The 'culture' of agriculture
is disappearing in Canada, taking with it some fundamental values
of human community.
Not long ago I sat with a man who was leaving his land. He was
deeply depressed. He loved to farm, his operation was financially
solid, and he had a son ready to take over.
But the vibrant community that once surrounded his farm was gone.
One farmer had bought up all the land. Gone were the churches,
stores, post office, curling rink, schools and doctor's office
that had made life in that community worth living.
Although this is an extreme case, it reflects an alarming move
away from the land. According to Census of Agriculture statistics,
30 percent of Canadian farmers left the land between 1996 and
2001. Two-thirds of their farms were taken over by new folks.
However the remaining third-10 percent of farms in Canada-were
absorbed by neighbours, creating larger farms.

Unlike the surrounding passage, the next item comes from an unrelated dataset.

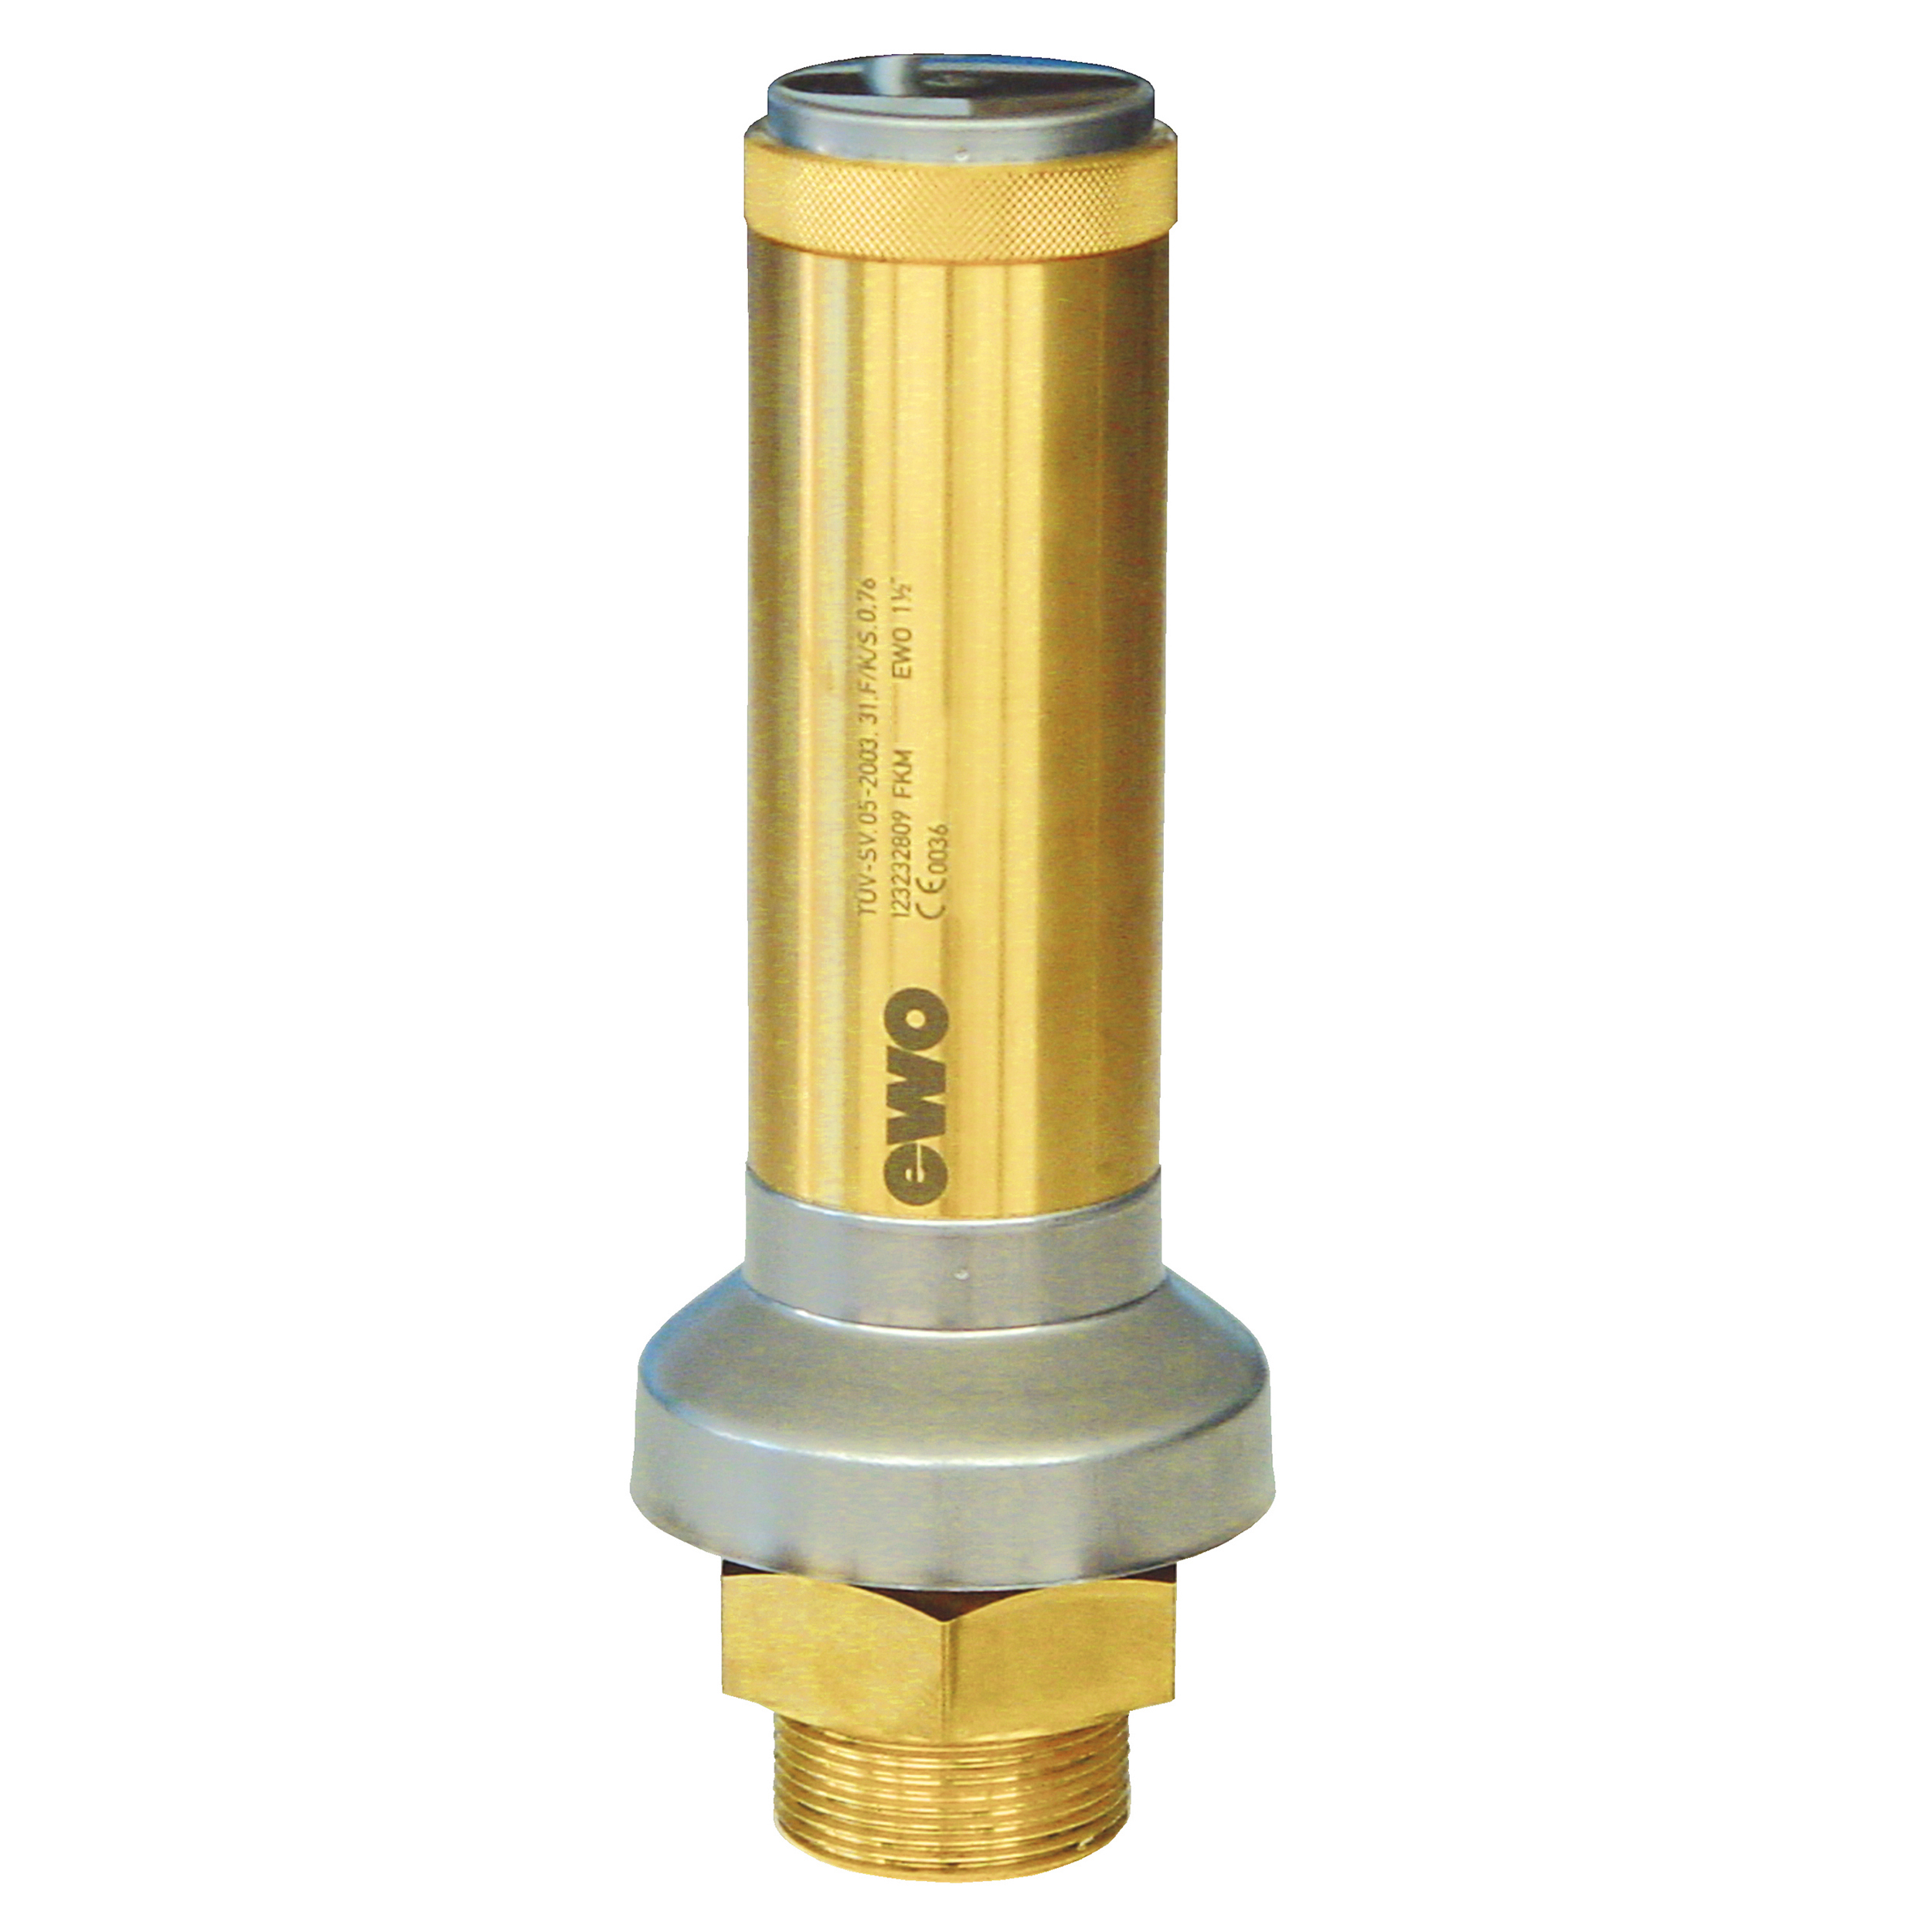 Savety valve component tested, F/K/S, G1½, DN 32, L: 215 mm, seal: FKM, set pressure 2.0–6 bar

Canadian farms have grown in size by 11 percent in the last 5
years, most obviously in Saskatchewan. Where the Canadian average
in 2001 was 676 acres, Saskatchewan farms averaged 1,283 acres.
Alberta came in second at 970 and Manitoba at 891 acres per farm.
The larger towns have tended to absorb those moving out of farming.
However many small communities have quietly disappeared.
With them has gone the "culture" that agri-culture once
sustained: the stories, values, patterns of life and institutions
which nourished our Canadian mosaic. For a country that values
"multi-culturalism" we seem curiously indifferent to
the cultures (especially aboriginal and rural) that have developed
on our own soil. We let them die with little more than "I
guess that's the cost of progress," while we fund uncounted
celebrations and museums that preserve cultures brought from elsewhere.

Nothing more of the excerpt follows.